Given information Block Start

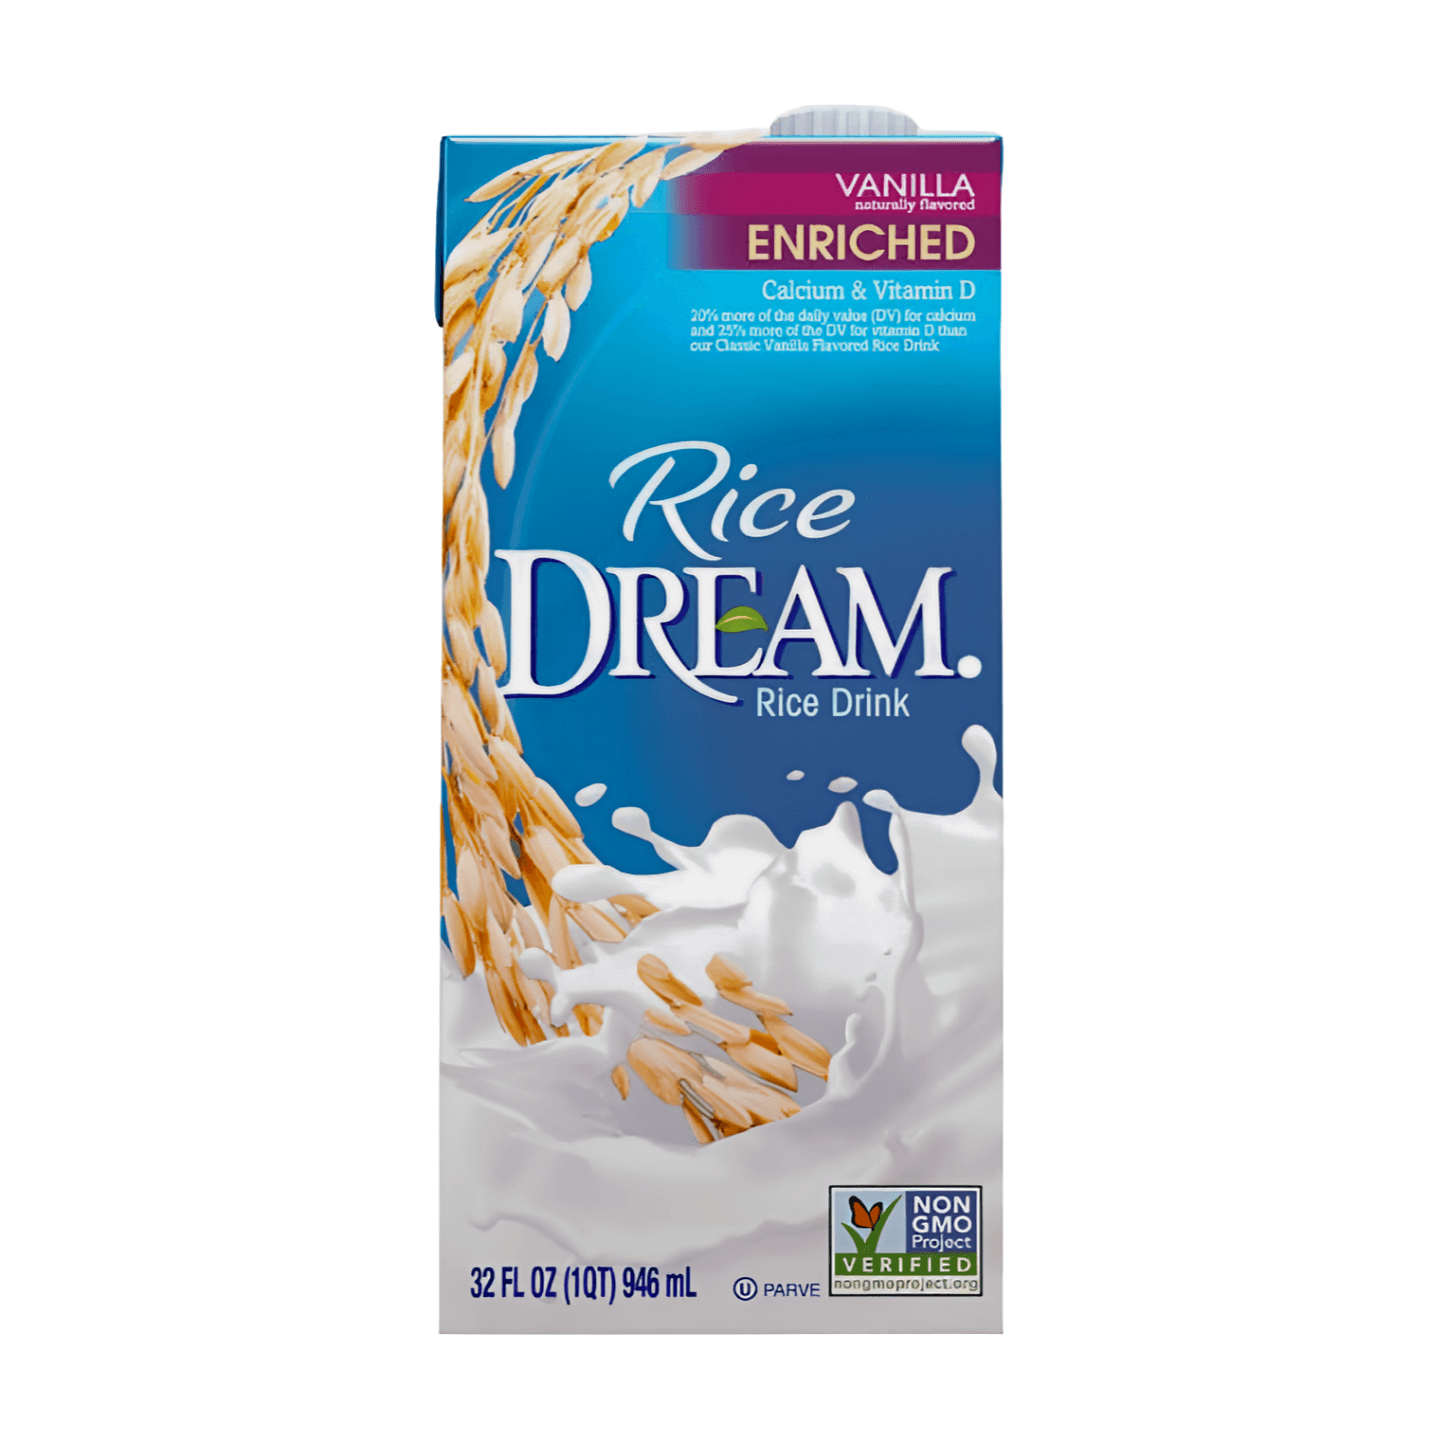 Rice Dream™ Enriched Vanilla Rice Drink
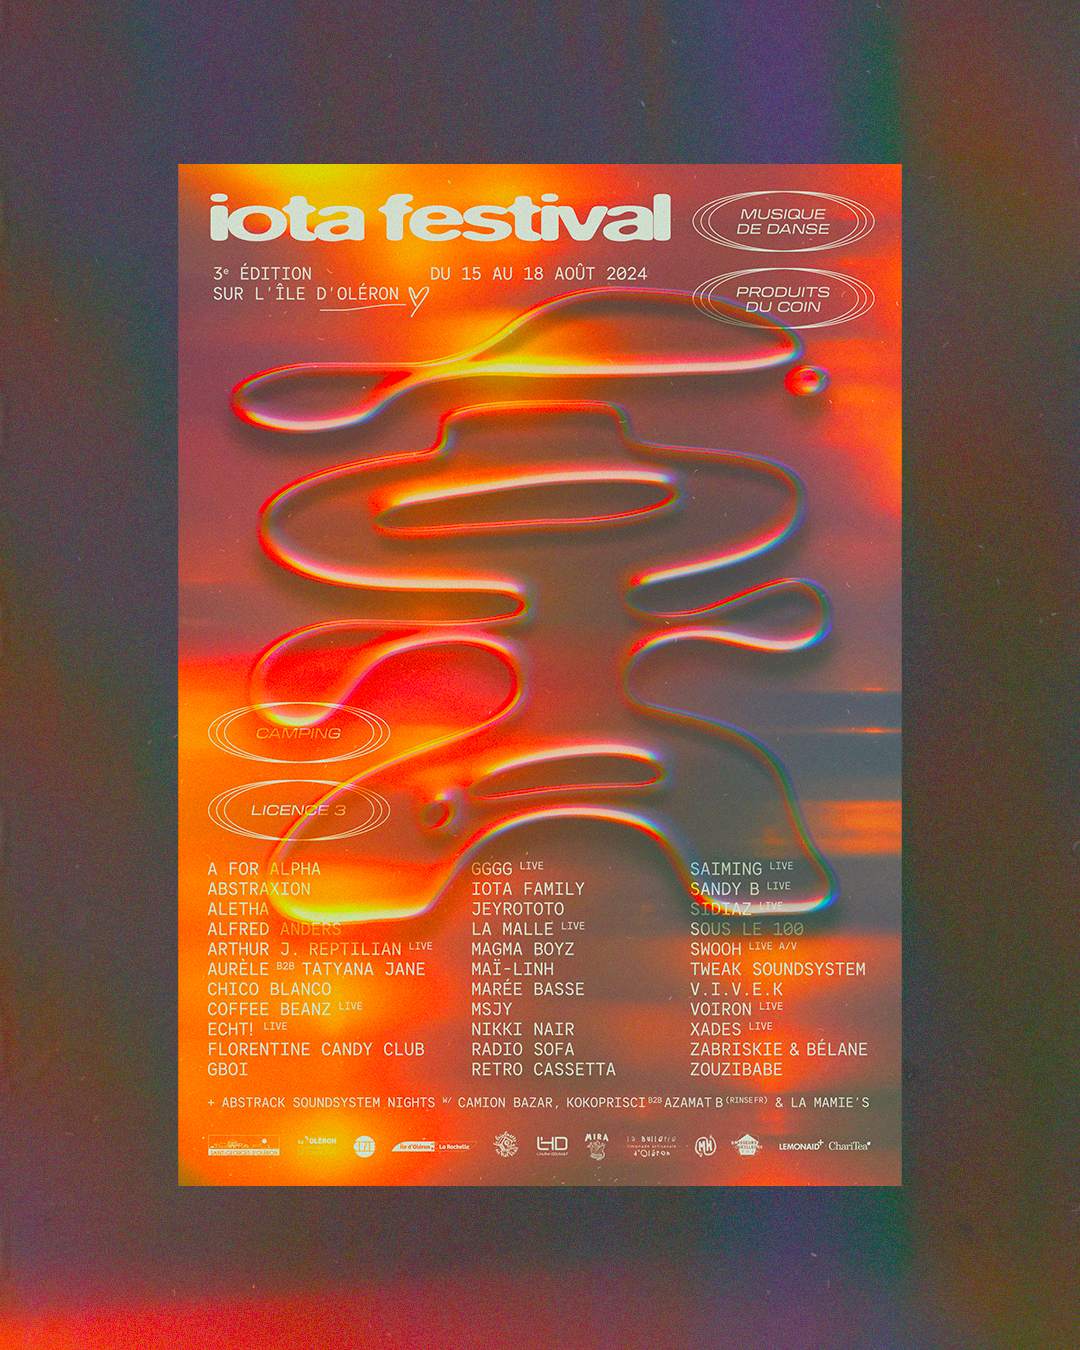 IOTA Festival - Página frontal
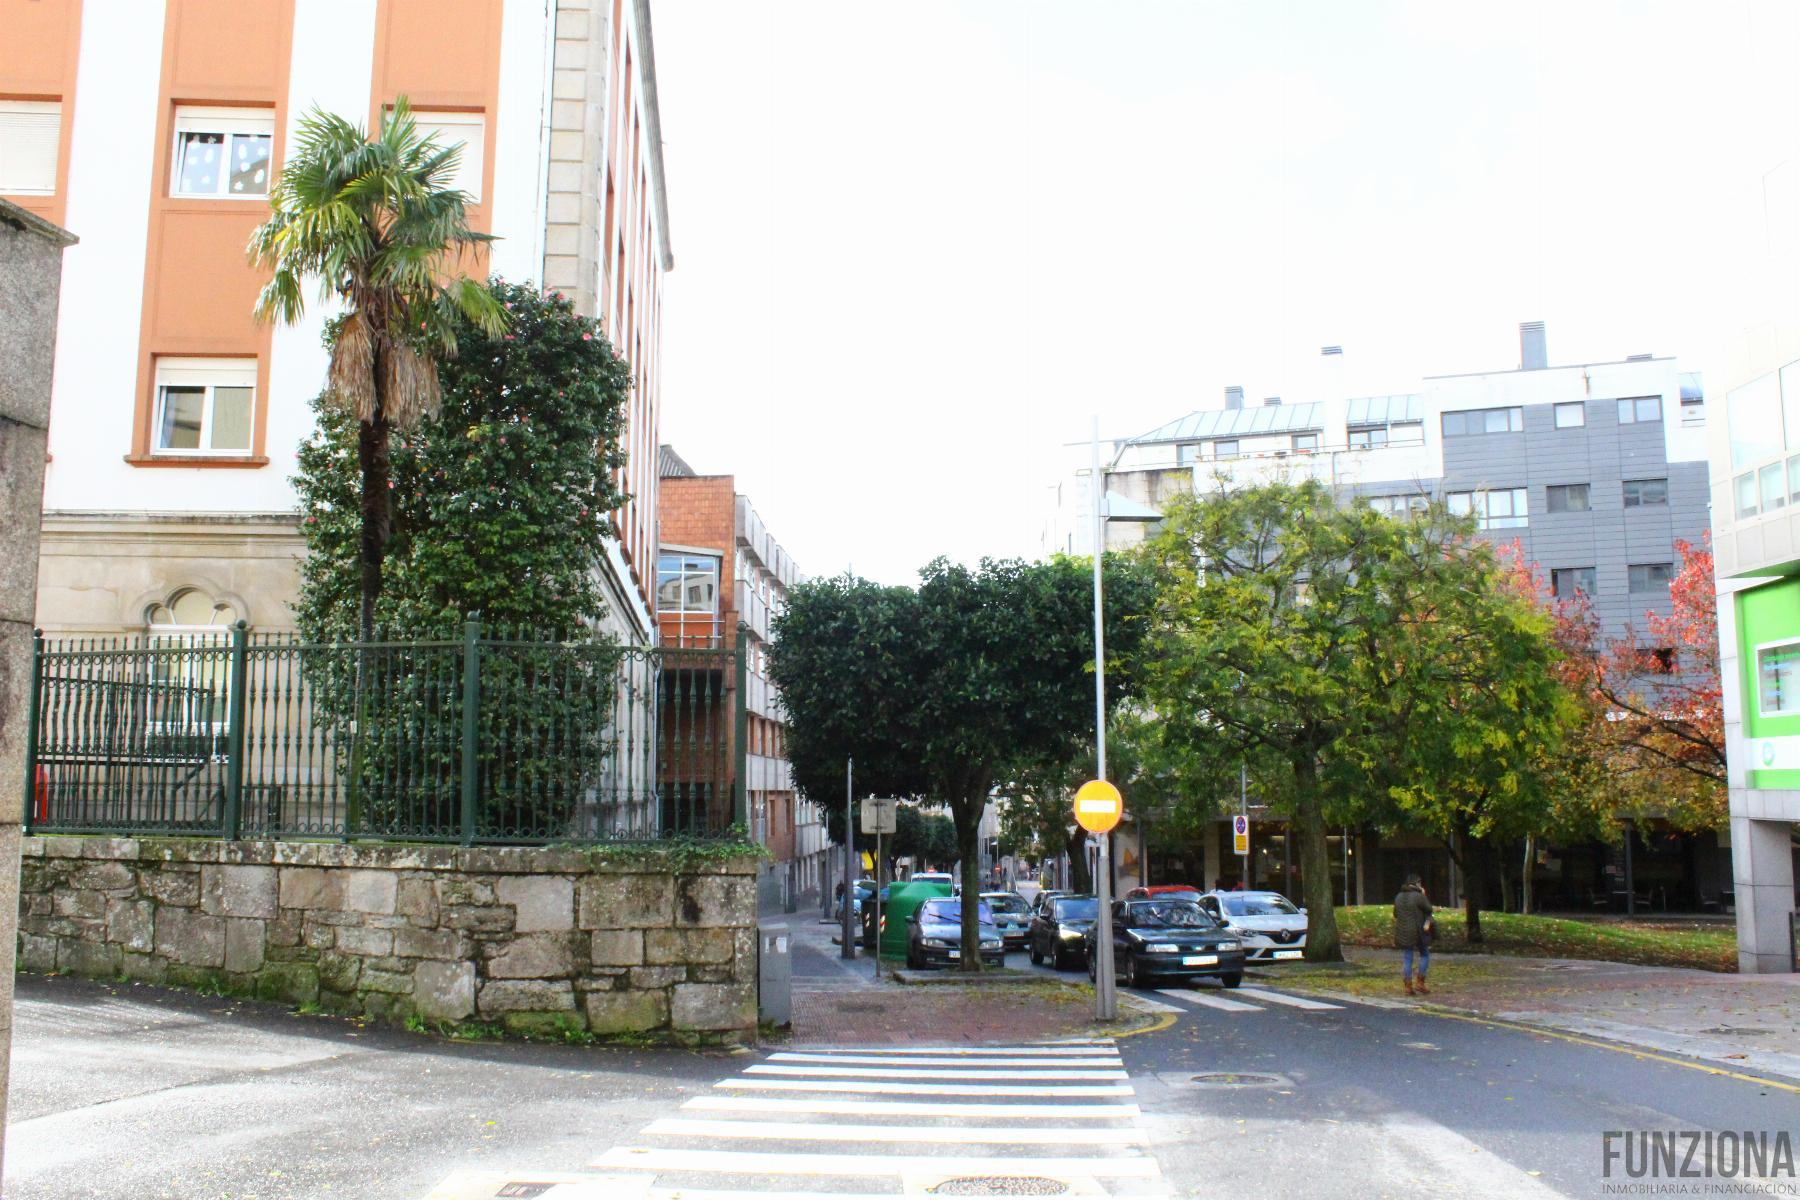 For sale of garage in Pontevedra

Given information Block End

### The problem:
Would you retype all the lines shown above, exactly as written and without any picture?

### Written solution:
 Rice Dream™ Enriched Vanilla Rice Drink
 IOTA Festival - Página frontal
 For sale of garage in Pontevedra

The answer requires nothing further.